Foreign Policy – Women and Girls’ Survival

My top foreign policy issue is survival of women and girls, with millions dying every year from lack of family planning, discrimination in food supply, killings and torture for choosing a husband, genital mutilation, sex trafficking, and inadequate education. I will advocate increasing our international aid to women's non-governmental organizations. Second, I support true sustainable development – renewable energy, tree planting to restore ecosystems, and local crops not cash exports.

 


 

Our single most important foreign policy issue is our second campaign priority, survival of women and girls worldwide.  The facts of women and girls’ suffering around the world are so overwhelming it is difficult to take in at once.  Child abuse is rampant, and 39,000 girls are forced into child marriages every day.  Millions of women and girls die each year from lack of family planning, discrimination in food supply, killings and torture for choosing a husband, genital mutilation, sex trafficking, and inadequate education.  The list seems endless and we often turn away in hopelessness.

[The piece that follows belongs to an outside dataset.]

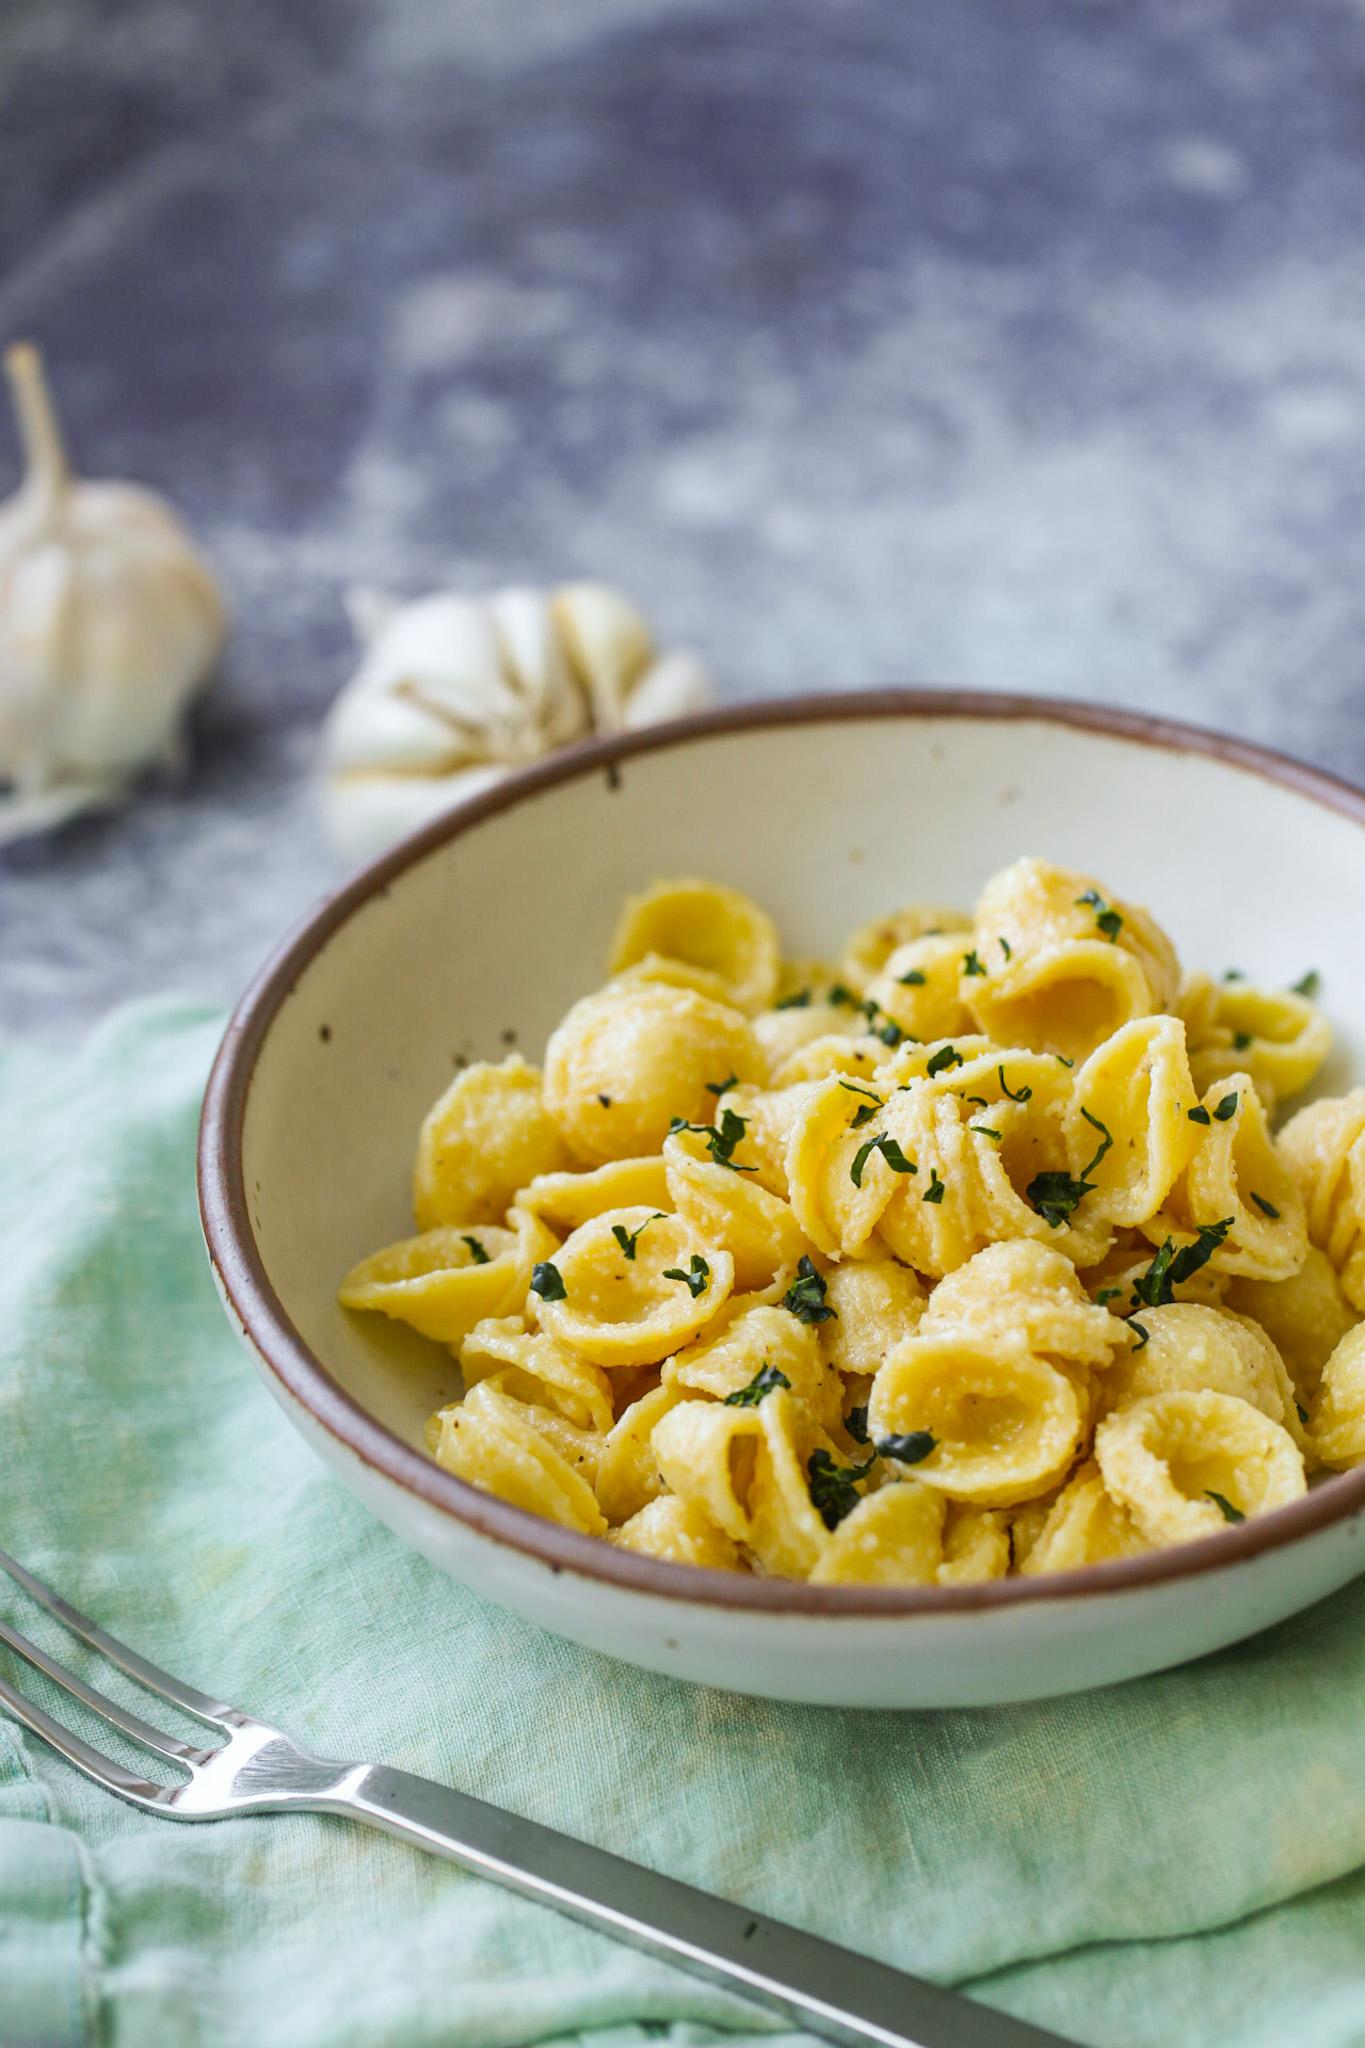 Aglio e Olio Pasta with kale on top

Yet, there has been progress in many countries and cultures from dedicated work of nonprofits and aid programs.  Girls and women are beginning to speak up around the world to defend their right to survive and thrive.  It takes just $50 to send a girl to school in many countries, and investing in girls’ education is the quickest, proven way to bring social progress to communities.  We can reduce this holocaust of women and girls through significant increases in  international aid to local, community, women-run programs.  One of the Green Party’s 10 Key Values is Feminism and Gender Equity, and I consider it “the moral issue of our times” after the climate change threat to all life on Earth.

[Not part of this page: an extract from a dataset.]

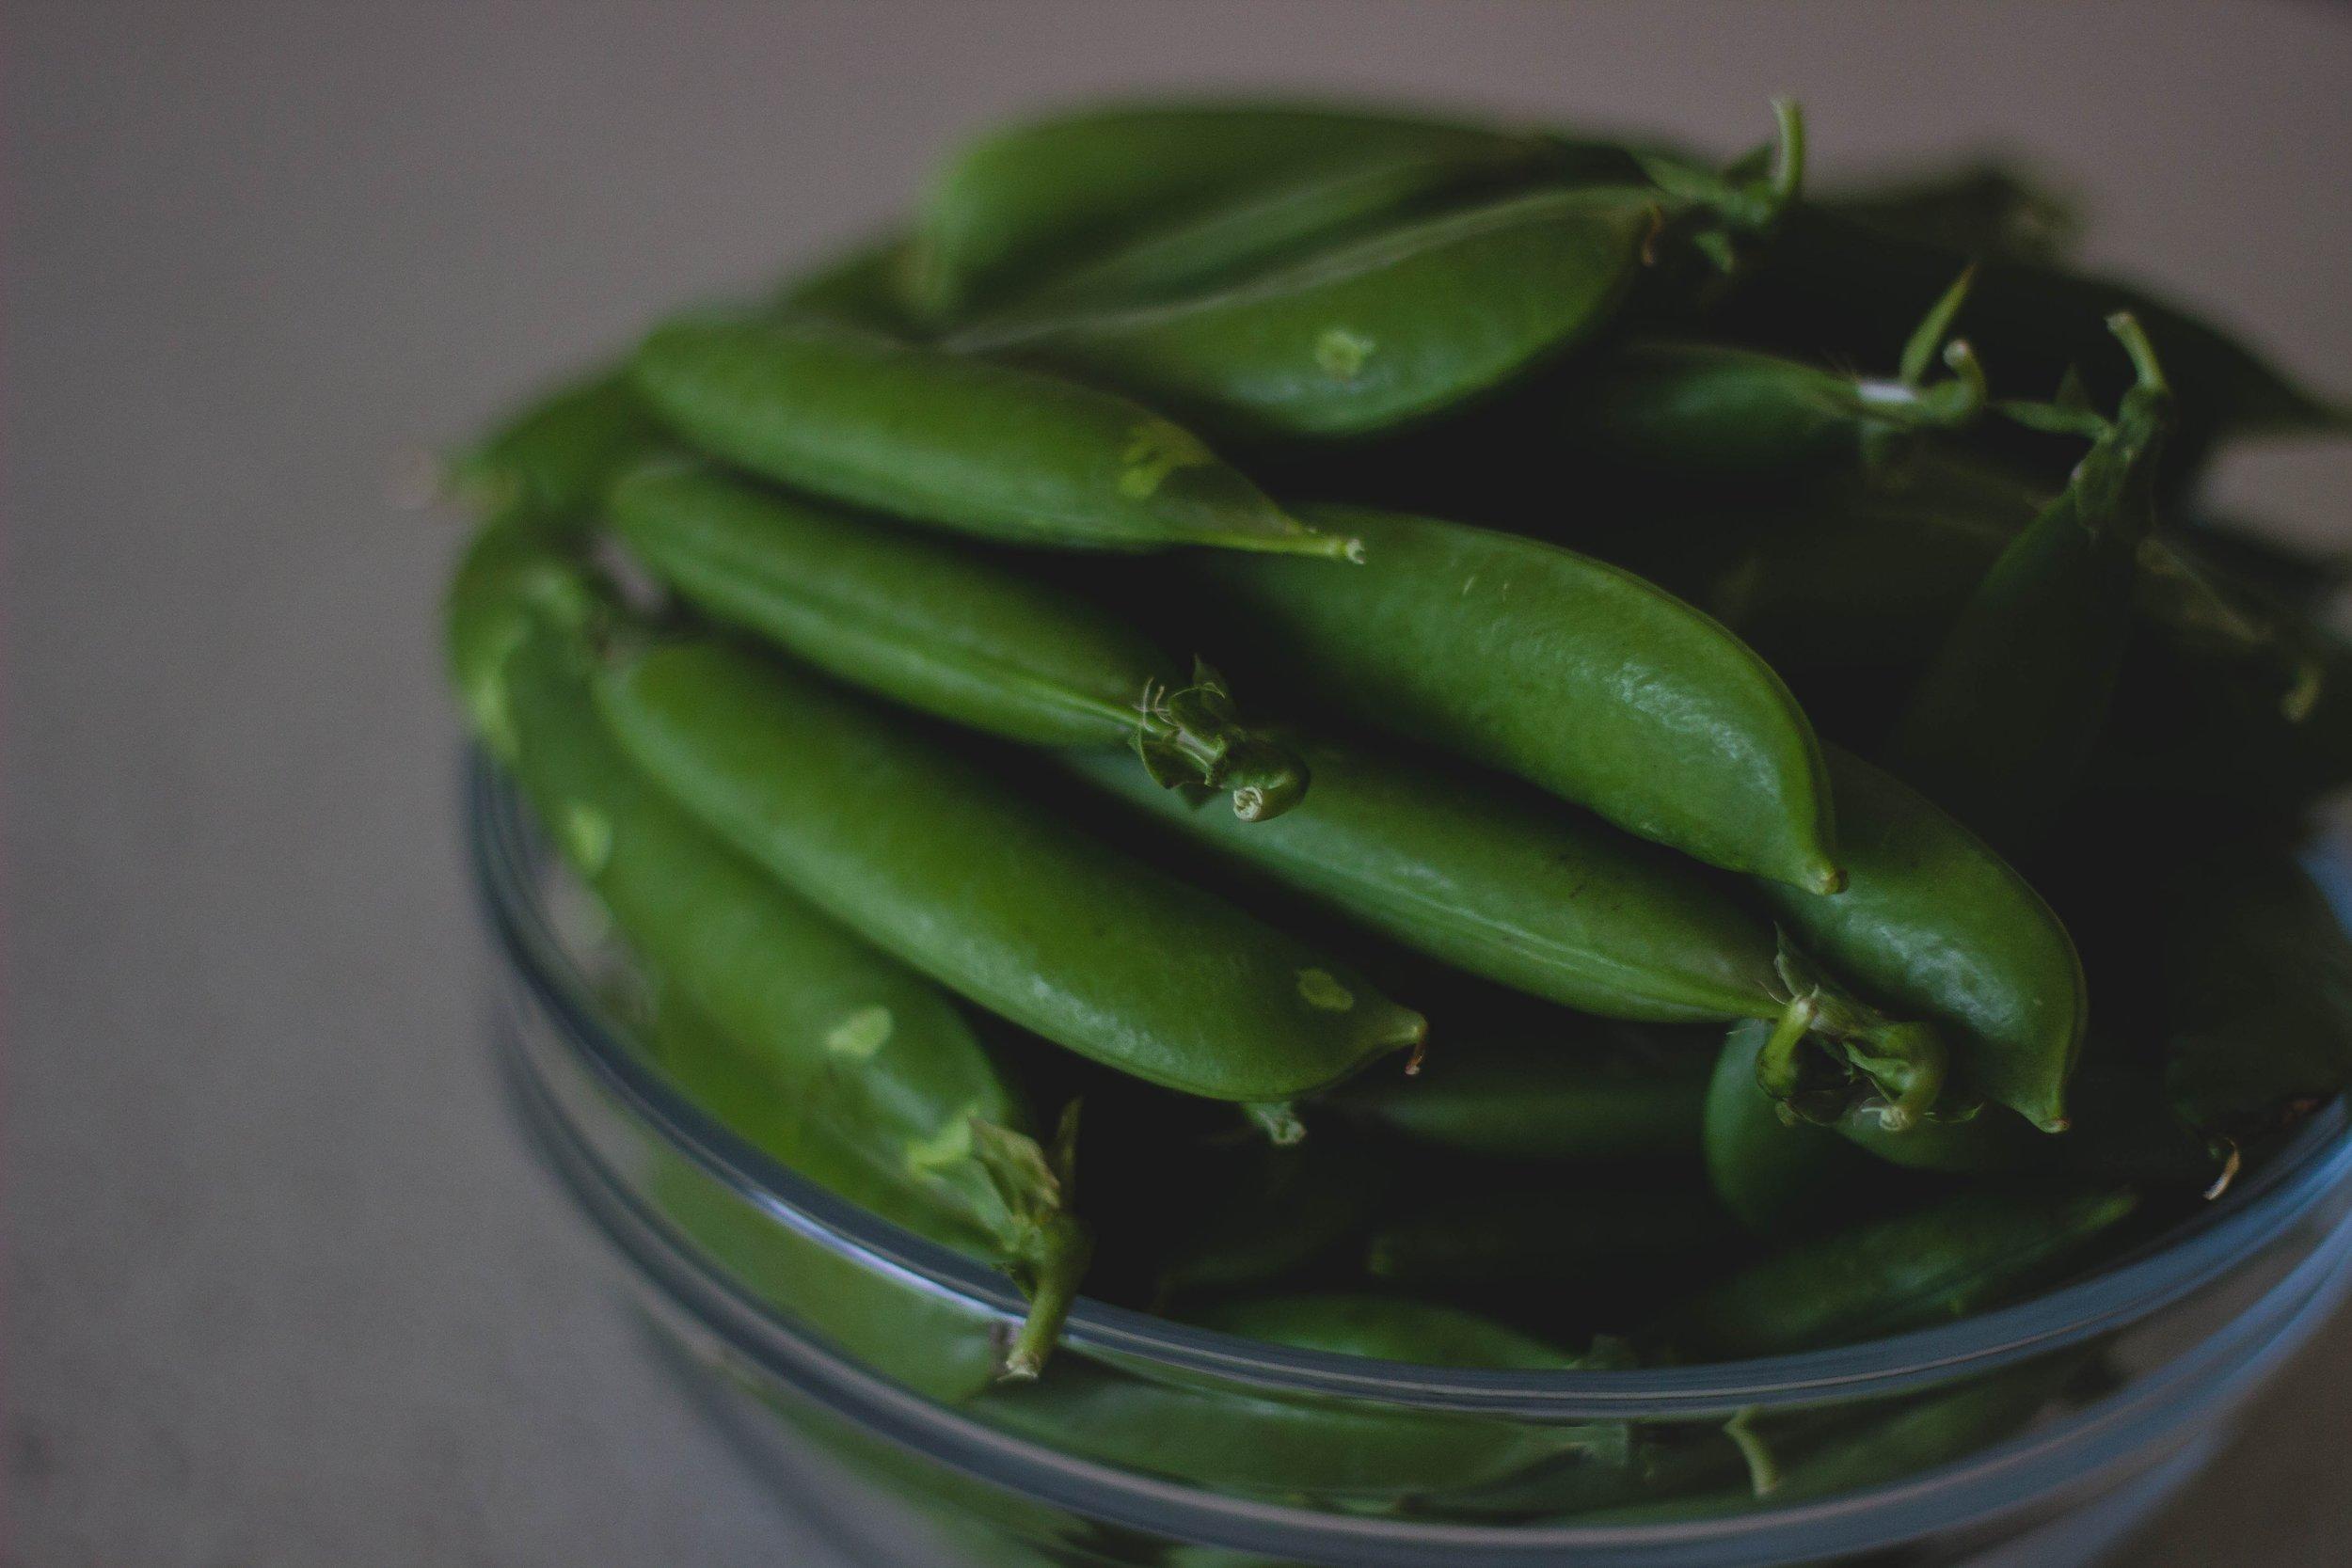 109 beans-bowl-close-up-185473.jpg

The second priority is true sustainable development, by supporting through our foreign aid:

  • renewable energy for reliable local electricity;
     
  • tree planting to provide and stable ecosystems such as the Green Belt Movement in Kenya which restores dry rivers and groundwater; and
     
  • locally appropriate food production instead of export crops.

Empowering people to provide adequate food, shelter, and energy for themselves and their families is the most effective means towards peace.  We should not be supporting massive $10 billion high tech projects, for instance through our World Bank votes, that benefit elites in other countries and the multinational corporations.  The basics of our stable, peaceful society in the US (relatively speaking) are the same building blocks of peace in other societies – food, water, education, equality, justice and freedom, particularly for women.

I will oppose the US’s quiet, nearly invisible support for huge, polluting projects by multi-national corporations and oppressive governments, through votes in the World Bank and the International Monetary Fund.  The US recently supported a $5 billion loan guarantee to construct a new large petroleum refinery, when the same loan guarantee could have been supported building many solar panel factories instead.  I will publicize these backroom deals that are major drivers of pollution, dis-empowerment of local communities around the world, and which waste precious funds needed now for renewable energy and sustainable agriculture.

If we think foreign aid is expensive, consider that we spend just 3¢ a day on all peaceful development (education, human rights, democracy, anti-corruption, equality) through our State Department’s Agency for International Development (AID), for every $1 spent on violent conflict resolution, through our Department of Defense.  Preventing wars is much cheaper than fighting them.  And the most peaceful countries in the world are those with the highest equality and protection for women.  Survival and equality for women and girls is the quickest, most proven, cost-effective way to peace and sustainability.

We should not use torture.  It is illegal here in the United States, and does not become ethical at a different latitude and longitude.  Torture makes a cruel hypocrisy out of every value we stand for by saying our excellent values as a nation are only for when it’s convenient to have those values.  It undermines all our foreign policy goals. Our values are our greatest asset, and they must be unshakeable to inspire trust and cooperation of millions more people than can be dealt with through rendition and torture.